### GIVEN DATA
□ □ □ □
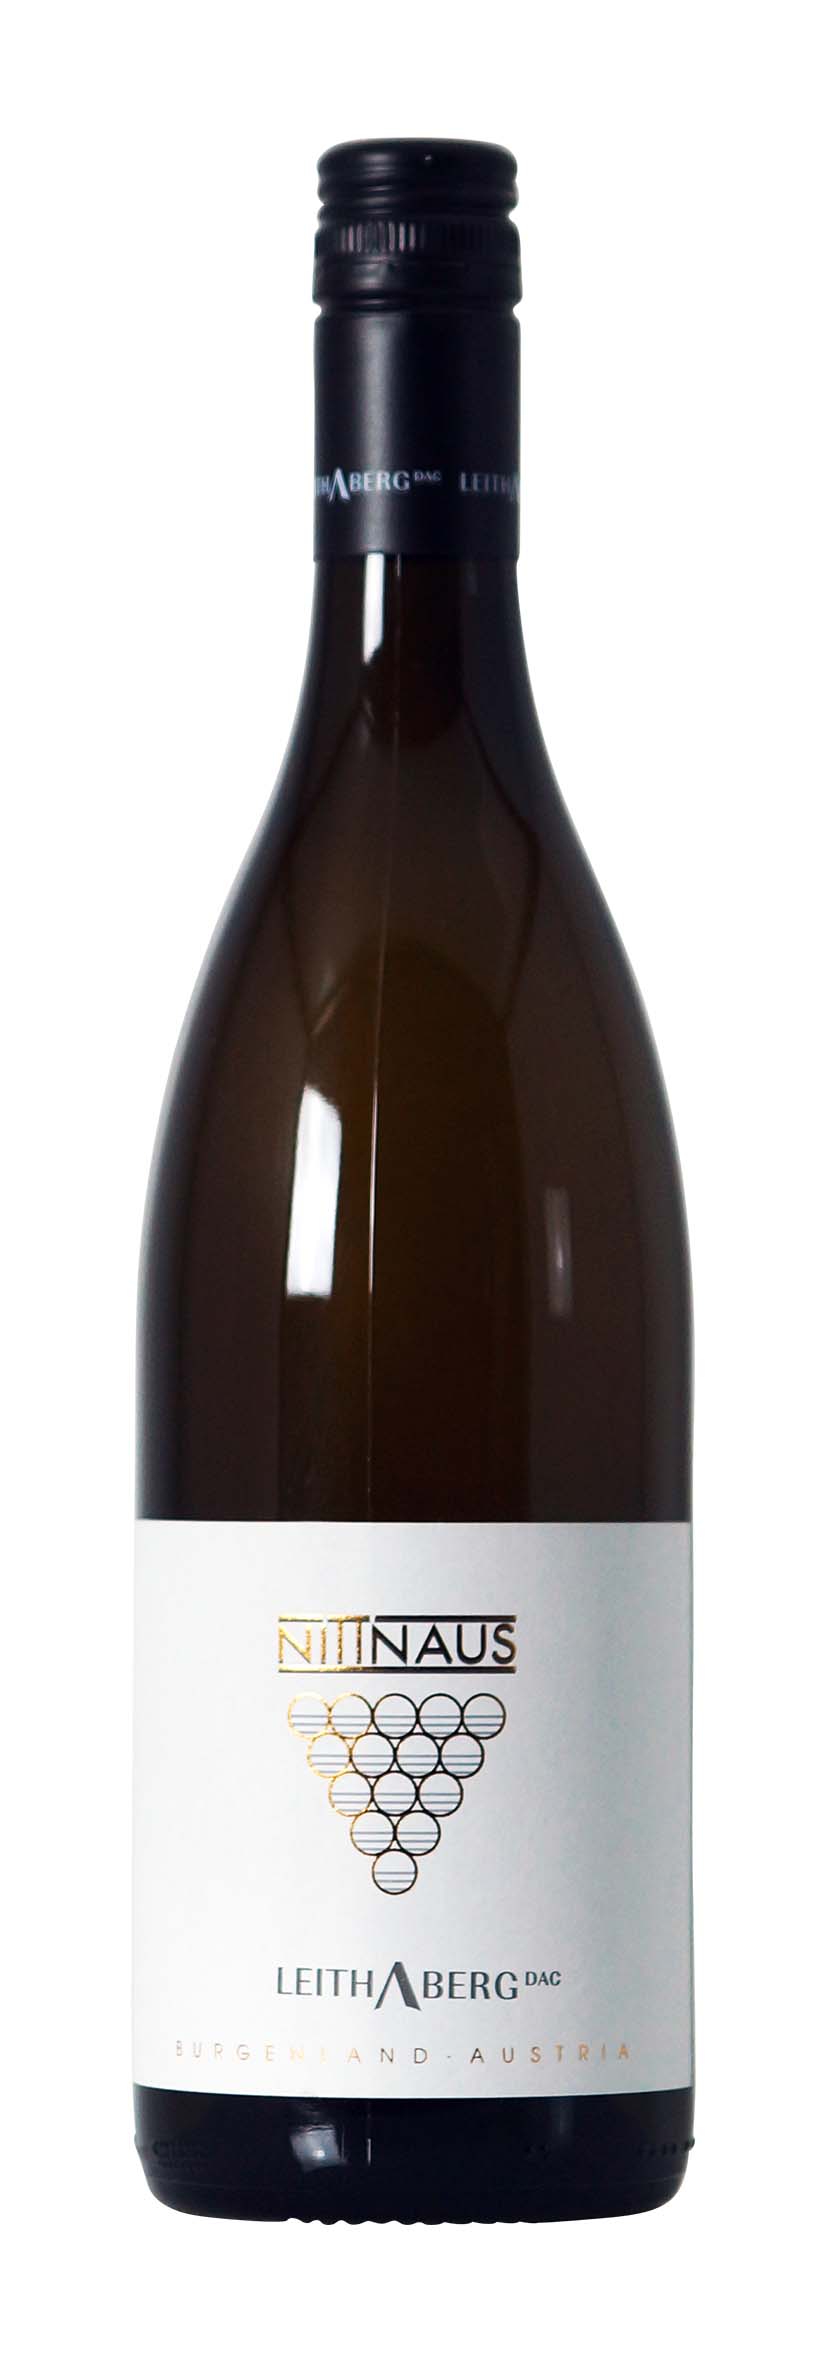 Leithaberg DAC Chardonnay Pinot Blanc 2012
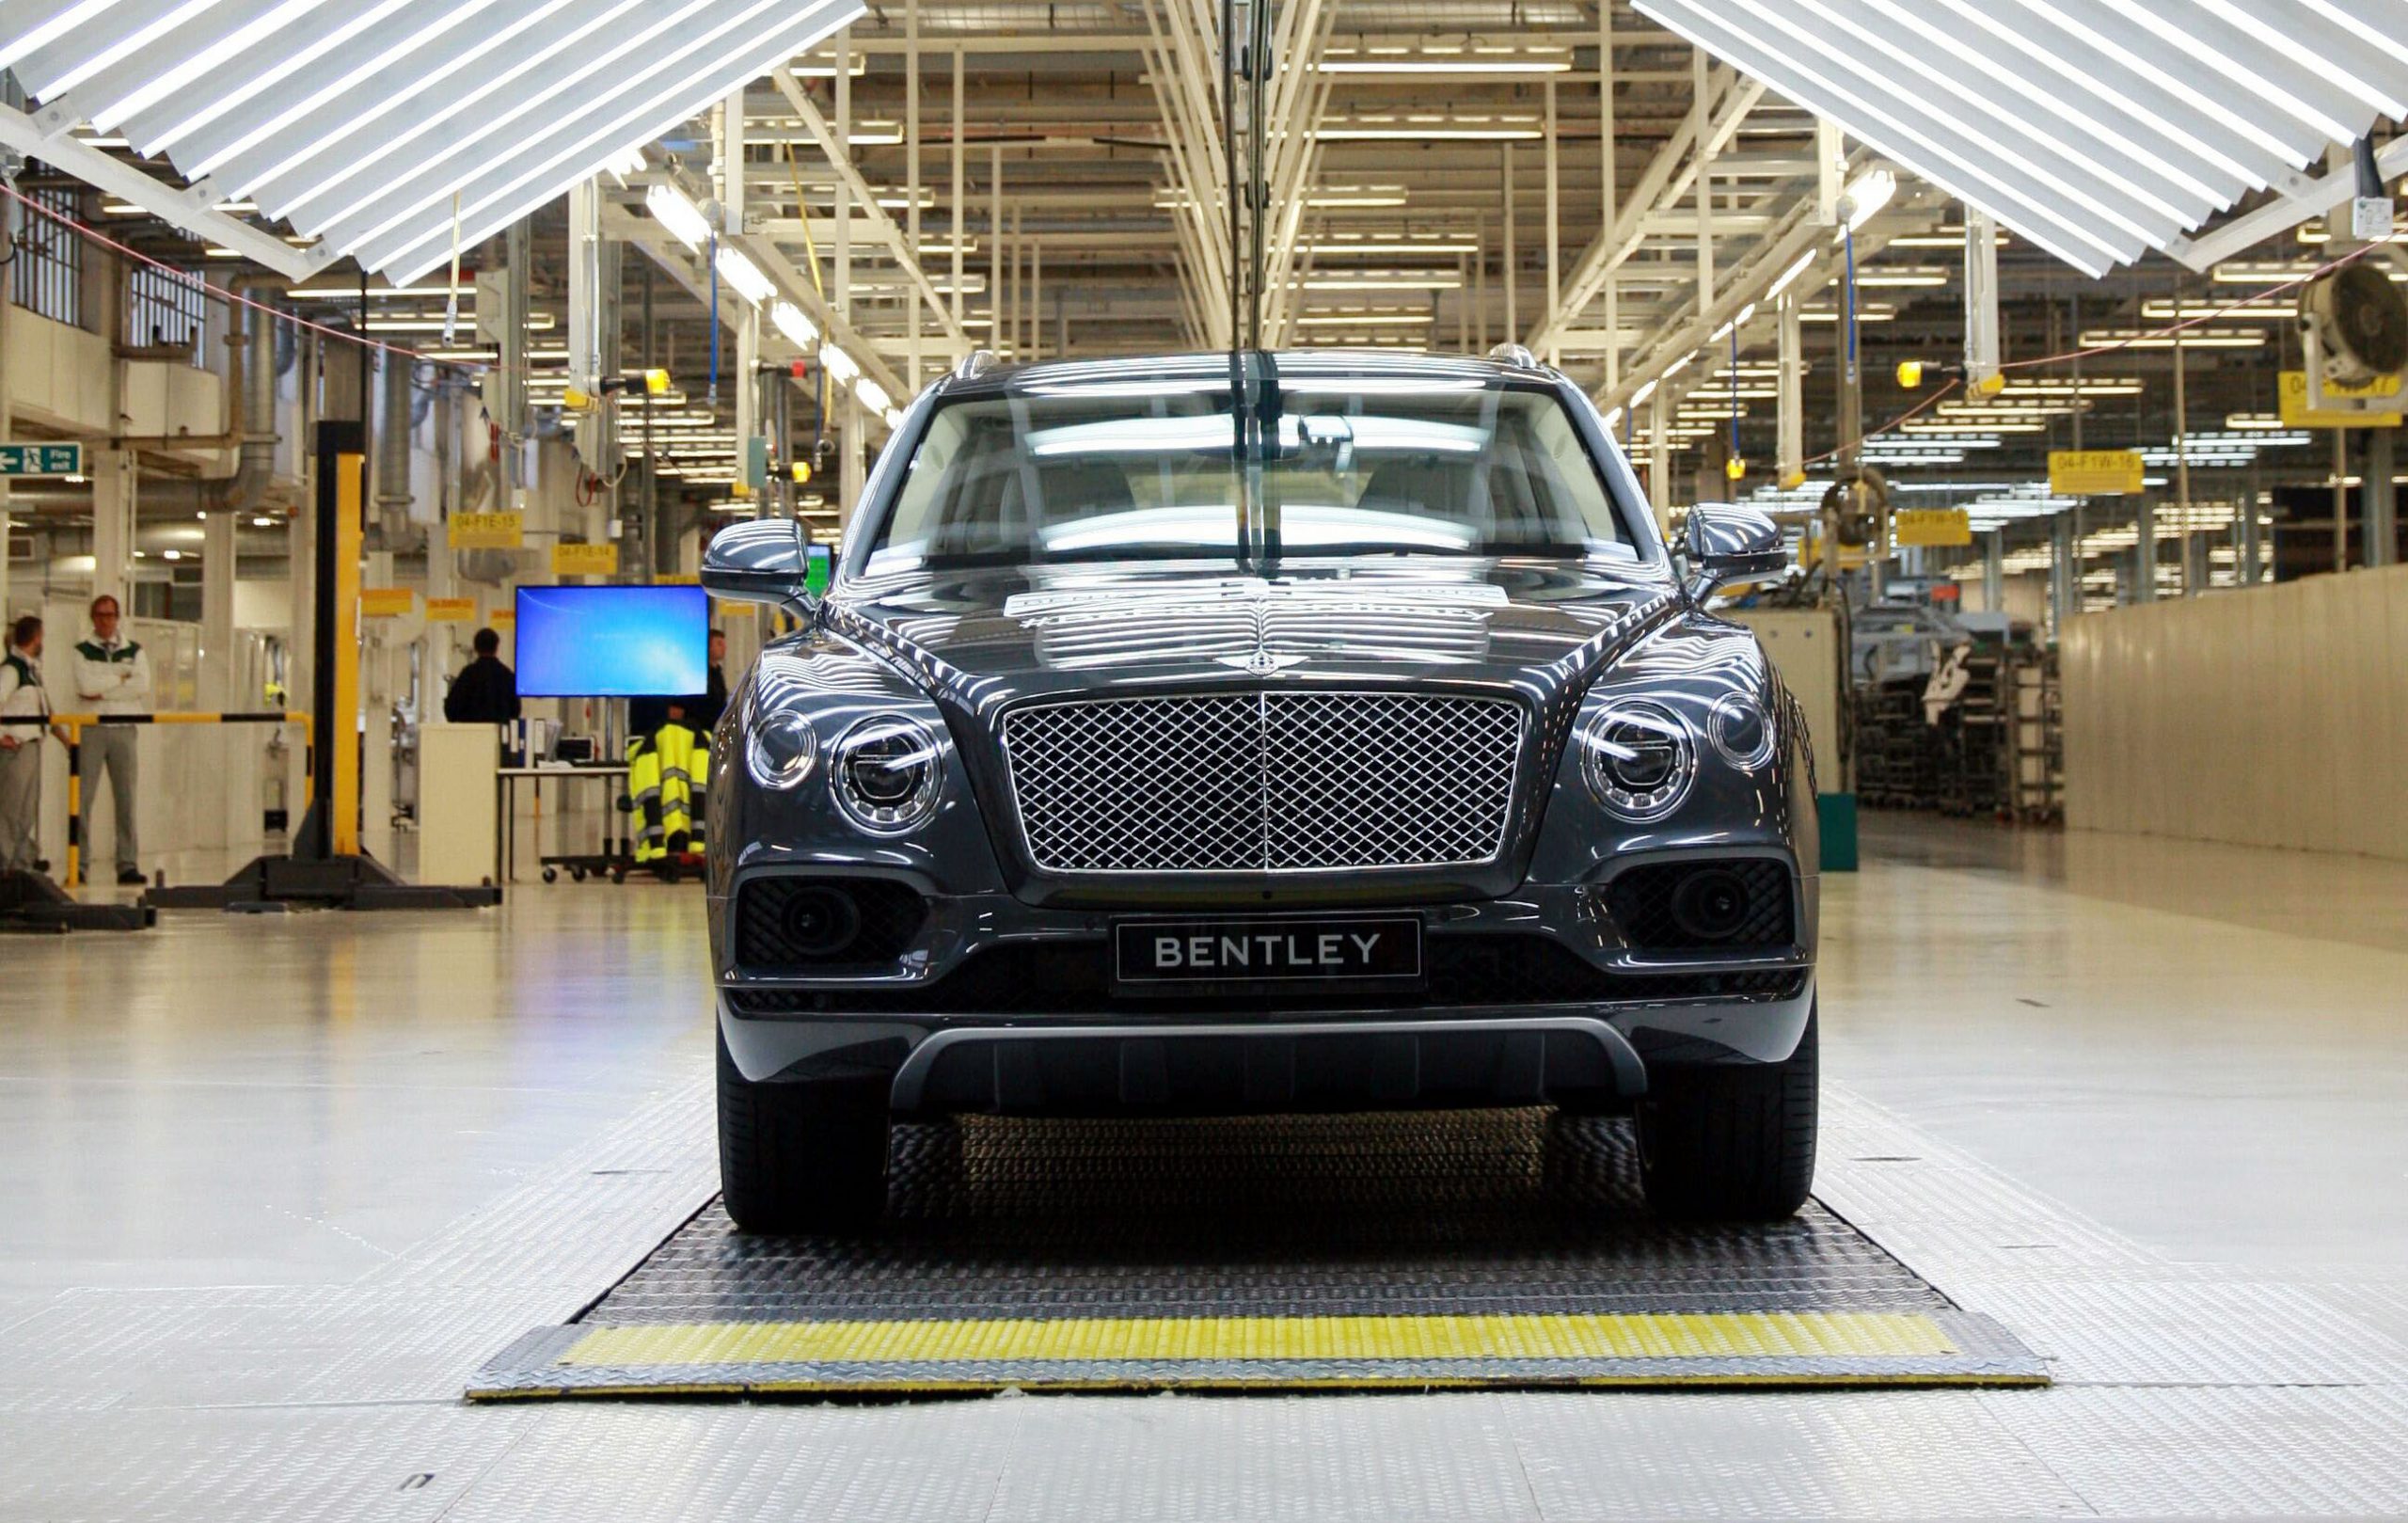 Bentley Bentayga production surpasses 20,000 milestone
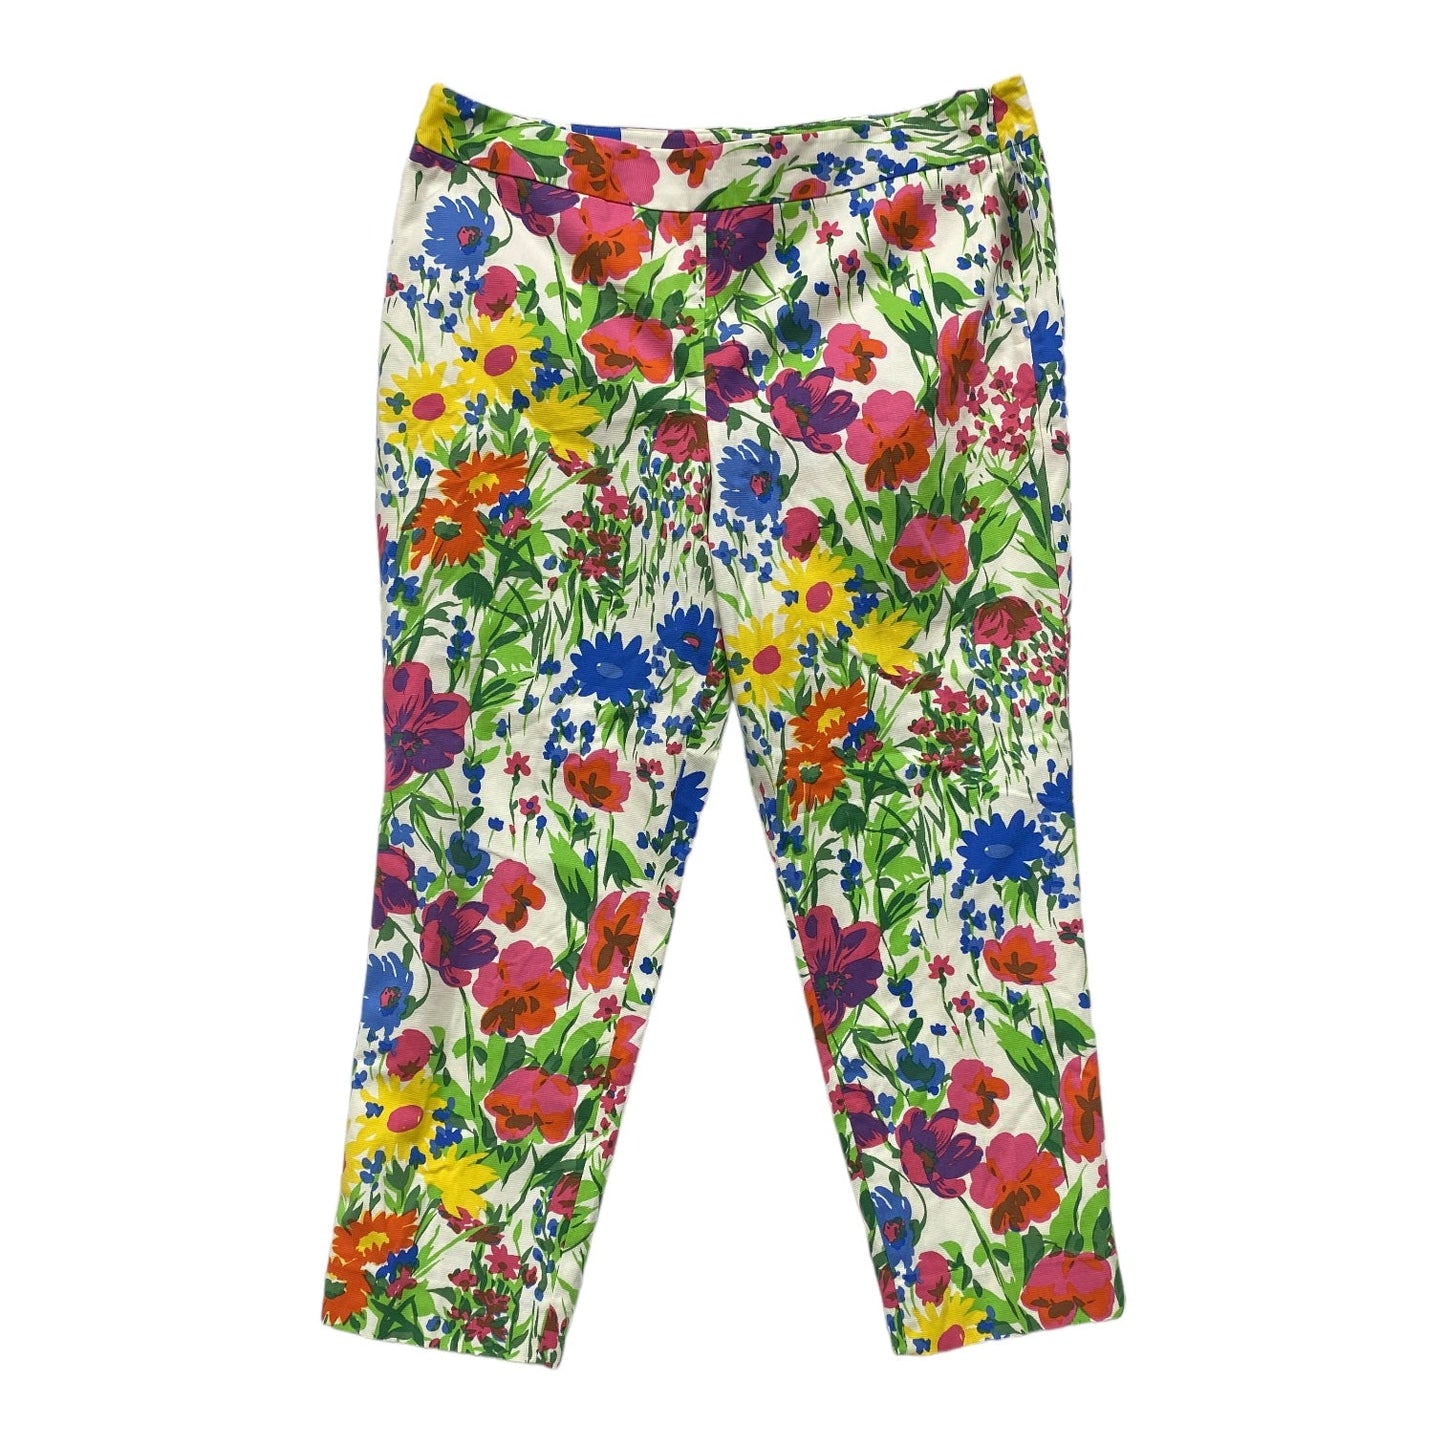 Floral Print Pants Cropped Talbots, Size 16
□ □ □ □
### EXERCISE DIRECTIONS
Leaving the pictures out, write out all the material above exactly.

### ANSWER BOX
 Leithaberg DAC Chardonnay Pinot Blanc 2012
 Bentley Bentayga production surpasses 20,000 milestone
 Floral Print Pants Cropped Talbots, Size 16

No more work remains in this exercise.